::: DATA PROVIDED :::

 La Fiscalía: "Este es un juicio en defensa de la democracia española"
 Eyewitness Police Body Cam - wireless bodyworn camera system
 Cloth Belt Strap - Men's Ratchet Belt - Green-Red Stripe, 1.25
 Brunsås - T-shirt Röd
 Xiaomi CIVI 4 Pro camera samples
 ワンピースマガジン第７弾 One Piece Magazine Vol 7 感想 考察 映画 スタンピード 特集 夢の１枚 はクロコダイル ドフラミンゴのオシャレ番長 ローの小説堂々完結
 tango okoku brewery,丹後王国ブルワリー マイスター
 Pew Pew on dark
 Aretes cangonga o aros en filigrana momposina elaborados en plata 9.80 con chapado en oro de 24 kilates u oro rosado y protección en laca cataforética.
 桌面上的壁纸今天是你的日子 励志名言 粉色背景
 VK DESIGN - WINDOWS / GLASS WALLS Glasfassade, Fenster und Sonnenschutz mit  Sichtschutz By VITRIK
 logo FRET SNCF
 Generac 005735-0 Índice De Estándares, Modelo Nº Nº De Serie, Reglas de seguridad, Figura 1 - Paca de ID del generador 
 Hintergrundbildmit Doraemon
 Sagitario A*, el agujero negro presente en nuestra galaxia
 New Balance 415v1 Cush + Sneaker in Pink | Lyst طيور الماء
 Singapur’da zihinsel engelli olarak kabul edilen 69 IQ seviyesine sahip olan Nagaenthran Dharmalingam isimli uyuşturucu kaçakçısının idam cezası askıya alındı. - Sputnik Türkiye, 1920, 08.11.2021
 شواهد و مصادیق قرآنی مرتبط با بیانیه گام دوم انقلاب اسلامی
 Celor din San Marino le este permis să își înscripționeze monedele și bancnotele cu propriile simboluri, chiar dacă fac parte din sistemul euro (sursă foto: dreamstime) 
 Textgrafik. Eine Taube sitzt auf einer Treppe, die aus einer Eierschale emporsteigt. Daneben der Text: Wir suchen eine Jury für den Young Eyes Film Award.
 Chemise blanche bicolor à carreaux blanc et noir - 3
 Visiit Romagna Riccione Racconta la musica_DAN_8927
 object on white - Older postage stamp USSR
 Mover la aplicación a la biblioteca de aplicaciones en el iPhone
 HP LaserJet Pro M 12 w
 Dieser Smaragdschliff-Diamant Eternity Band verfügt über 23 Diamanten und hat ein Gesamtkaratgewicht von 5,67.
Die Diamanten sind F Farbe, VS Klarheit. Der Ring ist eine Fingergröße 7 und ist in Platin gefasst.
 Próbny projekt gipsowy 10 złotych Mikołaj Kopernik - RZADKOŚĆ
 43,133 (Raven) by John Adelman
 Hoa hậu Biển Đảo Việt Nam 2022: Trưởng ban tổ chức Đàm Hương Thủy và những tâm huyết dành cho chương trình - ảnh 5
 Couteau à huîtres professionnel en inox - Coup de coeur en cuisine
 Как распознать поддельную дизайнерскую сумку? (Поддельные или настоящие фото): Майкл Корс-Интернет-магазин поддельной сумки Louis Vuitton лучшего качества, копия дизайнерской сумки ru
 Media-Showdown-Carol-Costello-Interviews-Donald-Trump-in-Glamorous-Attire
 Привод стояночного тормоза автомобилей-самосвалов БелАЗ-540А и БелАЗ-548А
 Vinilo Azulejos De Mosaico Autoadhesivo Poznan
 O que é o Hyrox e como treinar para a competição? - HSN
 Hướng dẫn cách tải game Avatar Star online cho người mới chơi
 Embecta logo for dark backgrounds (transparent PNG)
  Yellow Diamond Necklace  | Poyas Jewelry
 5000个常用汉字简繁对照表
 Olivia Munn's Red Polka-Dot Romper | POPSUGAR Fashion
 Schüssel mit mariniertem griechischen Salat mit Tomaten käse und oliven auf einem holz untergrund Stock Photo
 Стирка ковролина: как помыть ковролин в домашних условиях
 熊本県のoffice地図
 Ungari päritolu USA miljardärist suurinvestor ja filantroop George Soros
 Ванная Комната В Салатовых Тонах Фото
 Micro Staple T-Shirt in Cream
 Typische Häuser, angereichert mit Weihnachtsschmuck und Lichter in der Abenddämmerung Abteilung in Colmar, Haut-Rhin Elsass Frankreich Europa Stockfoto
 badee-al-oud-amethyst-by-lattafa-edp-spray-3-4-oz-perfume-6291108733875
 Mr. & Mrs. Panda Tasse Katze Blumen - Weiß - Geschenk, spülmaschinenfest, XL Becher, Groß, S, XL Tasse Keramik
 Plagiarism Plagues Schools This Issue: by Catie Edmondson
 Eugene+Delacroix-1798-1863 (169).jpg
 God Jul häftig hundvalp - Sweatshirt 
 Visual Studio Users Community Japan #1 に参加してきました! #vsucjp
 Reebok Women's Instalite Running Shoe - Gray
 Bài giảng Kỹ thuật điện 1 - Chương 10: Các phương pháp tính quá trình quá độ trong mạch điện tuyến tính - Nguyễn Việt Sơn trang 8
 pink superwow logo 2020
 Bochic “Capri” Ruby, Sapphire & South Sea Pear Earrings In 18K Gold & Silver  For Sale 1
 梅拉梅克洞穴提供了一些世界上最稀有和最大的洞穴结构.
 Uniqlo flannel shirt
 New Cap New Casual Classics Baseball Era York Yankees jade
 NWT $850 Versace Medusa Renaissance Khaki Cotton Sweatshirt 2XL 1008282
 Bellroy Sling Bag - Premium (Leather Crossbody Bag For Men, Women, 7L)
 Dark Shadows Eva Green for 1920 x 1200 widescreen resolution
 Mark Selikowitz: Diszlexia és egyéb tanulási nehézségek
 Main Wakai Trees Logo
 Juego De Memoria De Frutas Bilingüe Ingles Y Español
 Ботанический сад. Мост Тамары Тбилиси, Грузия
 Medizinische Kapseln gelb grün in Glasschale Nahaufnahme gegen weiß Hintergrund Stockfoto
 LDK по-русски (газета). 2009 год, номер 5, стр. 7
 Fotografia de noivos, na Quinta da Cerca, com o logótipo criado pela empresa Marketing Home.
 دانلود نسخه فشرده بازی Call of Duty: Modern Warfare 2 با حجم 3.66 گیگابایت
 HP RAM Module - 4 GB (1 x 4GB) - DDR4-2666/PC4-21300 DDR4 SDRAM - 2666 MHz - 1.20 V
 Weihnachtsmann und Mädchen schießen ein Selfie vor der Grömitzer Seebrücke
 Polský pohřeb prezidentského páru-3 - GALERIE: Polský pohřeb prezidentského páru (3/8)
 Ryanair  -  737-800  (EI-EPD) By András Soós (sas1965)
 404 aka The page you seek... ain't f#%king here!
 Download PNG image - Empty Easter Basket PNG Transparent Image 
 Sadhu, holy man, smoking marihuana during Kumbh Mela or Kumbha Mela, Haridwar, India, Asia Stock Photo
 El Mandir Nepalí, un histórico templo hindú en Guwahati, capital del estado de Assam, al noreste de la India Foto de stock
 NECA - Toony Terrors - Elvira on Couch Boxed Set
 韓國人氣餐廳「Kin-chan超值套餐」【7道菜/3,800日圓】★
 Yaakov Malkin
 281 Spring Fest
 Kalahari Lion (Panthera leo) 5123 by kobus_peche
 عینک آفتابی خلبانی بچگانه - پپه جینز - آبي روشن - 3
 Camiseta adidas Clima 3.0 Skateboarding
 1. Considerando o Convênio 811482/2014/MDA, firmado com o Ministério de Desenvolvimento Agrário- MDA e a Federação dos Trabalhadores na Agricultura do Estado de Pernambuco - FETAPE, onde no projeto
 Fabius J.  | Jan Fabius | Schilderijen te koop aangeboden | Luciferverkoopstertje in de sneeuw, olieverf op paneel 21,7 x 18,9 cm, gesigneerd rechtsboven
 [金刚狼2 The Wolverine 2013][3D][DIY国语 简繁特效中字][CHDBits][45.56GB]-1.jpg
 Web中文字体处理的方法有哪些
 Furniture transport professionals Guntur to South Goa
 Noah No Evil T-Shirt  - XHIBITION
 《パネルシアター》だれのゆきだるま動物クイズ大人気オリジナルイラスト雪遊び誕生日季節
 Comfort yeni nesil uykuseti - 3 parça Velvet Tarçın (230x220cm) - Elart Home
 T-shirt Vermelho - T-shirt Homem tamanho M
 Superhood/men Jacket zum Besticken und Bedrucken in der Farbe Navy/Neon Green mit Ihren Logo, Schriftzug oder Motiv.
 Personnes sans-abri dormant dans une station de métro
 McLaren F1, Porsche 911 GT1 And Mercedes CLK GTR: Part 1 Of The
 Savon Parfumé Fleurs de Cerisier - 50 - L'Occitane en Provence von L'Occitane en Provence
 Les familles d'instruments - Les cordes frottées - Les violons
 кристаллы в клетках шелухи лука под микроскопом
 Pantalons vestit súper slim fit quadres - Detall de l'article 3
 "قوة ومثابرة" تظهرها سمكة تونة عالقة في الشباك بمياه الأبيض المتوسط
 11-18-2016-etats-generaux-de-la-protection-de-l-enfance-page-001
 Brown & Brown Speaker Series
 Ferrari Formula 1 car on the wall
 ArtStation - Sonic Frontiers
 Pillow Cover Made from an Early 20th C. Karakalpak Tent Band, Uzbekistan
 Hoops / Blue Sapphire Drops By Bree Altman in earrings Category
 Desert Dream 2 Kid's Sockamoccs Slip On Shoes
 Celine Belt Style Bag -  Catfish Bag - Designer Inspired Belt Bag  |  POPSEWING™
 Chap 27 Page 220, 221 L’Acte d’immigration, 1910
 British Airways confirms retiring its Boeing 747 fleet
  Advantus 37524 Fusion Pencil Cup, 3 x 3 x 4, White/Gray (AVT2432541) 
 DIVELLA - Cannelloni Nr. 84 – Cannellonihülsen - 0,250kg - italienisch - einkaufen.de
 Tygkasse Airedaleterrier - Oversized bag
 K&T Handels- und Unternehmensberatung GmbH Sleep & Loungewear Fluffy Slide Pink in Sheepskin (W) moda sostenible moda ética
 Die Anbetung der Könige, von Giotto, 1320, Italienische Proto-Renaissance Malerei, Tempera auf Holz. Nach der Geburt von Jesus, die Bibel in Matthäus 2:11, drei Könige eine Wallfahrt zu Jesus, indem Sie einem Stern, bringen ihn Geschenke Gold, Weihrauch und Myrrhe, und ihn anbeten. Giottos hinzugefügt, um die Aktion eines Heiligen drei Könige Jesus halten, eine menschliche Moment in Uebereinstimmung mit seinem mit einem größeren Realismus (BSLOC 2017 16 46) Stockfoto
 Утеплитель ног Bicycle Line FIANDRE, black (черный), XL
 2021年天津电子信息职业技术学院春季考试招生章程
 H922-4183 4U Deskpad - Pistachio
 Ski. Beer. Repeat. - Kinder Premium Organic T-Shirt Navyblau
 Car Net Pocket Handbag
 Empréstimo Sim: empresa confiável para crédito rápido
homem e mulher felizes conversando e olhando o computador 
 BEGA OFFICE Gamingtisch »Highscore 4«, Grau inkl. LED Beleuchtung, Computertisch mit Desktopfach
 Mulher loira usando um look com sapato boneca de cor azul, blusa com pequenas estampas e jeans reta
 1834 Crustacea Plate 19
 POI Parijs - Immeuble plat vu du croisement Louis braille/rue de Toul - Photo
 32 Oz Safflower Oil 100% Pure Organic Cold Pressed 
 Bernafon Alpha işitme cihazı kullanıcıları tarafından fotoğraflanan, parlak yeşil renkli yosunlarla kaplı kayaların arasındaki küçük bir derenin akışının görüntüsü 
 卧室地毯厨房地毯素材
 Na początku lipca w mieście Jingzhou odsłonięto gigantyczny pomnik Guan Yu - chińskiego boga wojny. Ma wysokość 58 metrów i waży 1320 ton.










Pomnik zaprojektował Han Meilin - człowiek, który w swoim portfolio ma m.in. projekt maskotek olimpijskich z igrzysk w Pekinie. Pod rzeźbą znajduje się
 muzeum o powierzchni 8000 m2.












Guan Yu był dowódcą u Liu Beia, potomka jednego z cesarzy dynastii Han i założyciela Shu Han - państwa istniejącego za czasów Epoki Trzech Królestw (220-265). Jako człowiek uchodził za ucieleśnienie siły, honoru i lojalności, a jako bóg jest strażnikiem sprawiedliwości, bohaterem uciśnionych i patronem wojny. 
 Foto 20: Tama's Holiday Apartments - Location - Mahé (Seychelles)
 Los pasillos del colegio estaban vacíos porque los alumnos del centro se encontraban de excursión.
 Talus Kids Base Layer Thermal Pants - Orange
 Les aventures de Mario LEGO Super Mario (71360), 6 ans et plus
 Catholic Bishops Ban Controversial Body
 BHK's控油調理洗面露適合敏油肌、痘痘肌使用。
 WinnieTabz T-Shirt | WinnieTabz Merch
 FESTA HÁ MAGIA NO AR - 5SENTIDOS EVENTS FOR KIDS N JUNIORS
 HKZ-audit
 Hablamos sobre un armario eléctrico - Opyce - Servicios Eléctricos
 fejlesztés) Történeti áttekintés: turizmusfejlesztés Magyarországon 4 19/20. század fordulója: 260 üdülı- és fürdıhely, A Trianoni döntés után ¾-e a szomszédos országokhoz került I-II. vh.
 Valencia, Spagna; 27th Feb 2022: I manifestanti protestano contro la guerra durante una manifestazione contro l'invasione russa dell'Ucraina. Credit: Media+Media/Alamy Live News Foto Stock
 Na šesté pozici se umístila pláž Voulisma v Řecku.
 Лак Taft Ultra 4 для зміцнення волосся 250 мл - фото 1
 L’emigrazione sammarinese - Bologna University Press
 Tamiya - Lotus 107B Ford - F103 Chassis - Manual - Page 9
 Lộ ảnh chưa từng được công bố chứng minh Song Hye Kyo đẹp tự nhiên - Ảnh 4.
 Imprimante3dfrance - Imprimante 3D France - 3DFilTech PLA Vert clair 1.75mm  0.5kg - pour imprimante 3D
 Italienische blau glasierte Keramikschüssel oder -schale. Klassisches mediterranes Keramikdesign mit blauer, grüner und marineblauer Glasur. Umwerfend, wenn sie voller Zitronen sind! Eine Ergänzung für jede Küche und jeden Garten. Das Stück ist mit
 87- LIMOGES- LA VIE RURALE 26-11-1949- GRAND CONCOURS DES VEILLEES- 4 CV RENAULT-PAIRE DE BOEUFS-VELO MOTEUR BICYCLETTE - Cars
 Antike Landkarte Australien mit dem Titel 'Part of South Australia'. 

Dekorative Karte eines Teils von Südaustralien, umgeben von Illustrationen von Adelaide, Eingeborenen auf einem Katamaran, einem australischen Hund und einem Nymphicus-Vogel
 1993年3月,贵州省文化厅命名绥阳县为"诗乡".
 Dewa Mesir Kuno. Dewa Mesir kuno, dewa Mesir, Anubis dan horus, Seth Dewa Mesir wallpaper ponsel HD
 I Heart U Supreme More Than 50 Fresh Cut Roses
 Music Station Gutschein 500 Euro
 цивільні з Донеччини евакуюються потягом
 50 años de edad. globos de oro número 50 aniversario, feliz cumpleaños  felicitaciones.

:::

- **PROBLEM TO SOLVE**
Please print the records above exactly from their first line. End with the line containing "ワンピースマガジン第７弾 One Piece", and include it.

- **WORKED SOLUTION**
 La Fiscalía: "Este es un juicio en defensa de la democracia española"
 Eyewitness Police Body Cam - wireless bodyworn camera system
 Cloth Belt Strap - Men's Ratchet Belt - Green-Red Stripe, 1.25
 Brunsås - T-shirt Röd
 Xiaomi CIVI 4 Pro camera samples
 ワンピースマガジン第７弾 One Piece Magazine Vol 7 感想 考察 映画 スタンピード 特集 夢の１枚 はクロコダイル ドフラミンゴのオシャレ番長 ローの小説堂々完結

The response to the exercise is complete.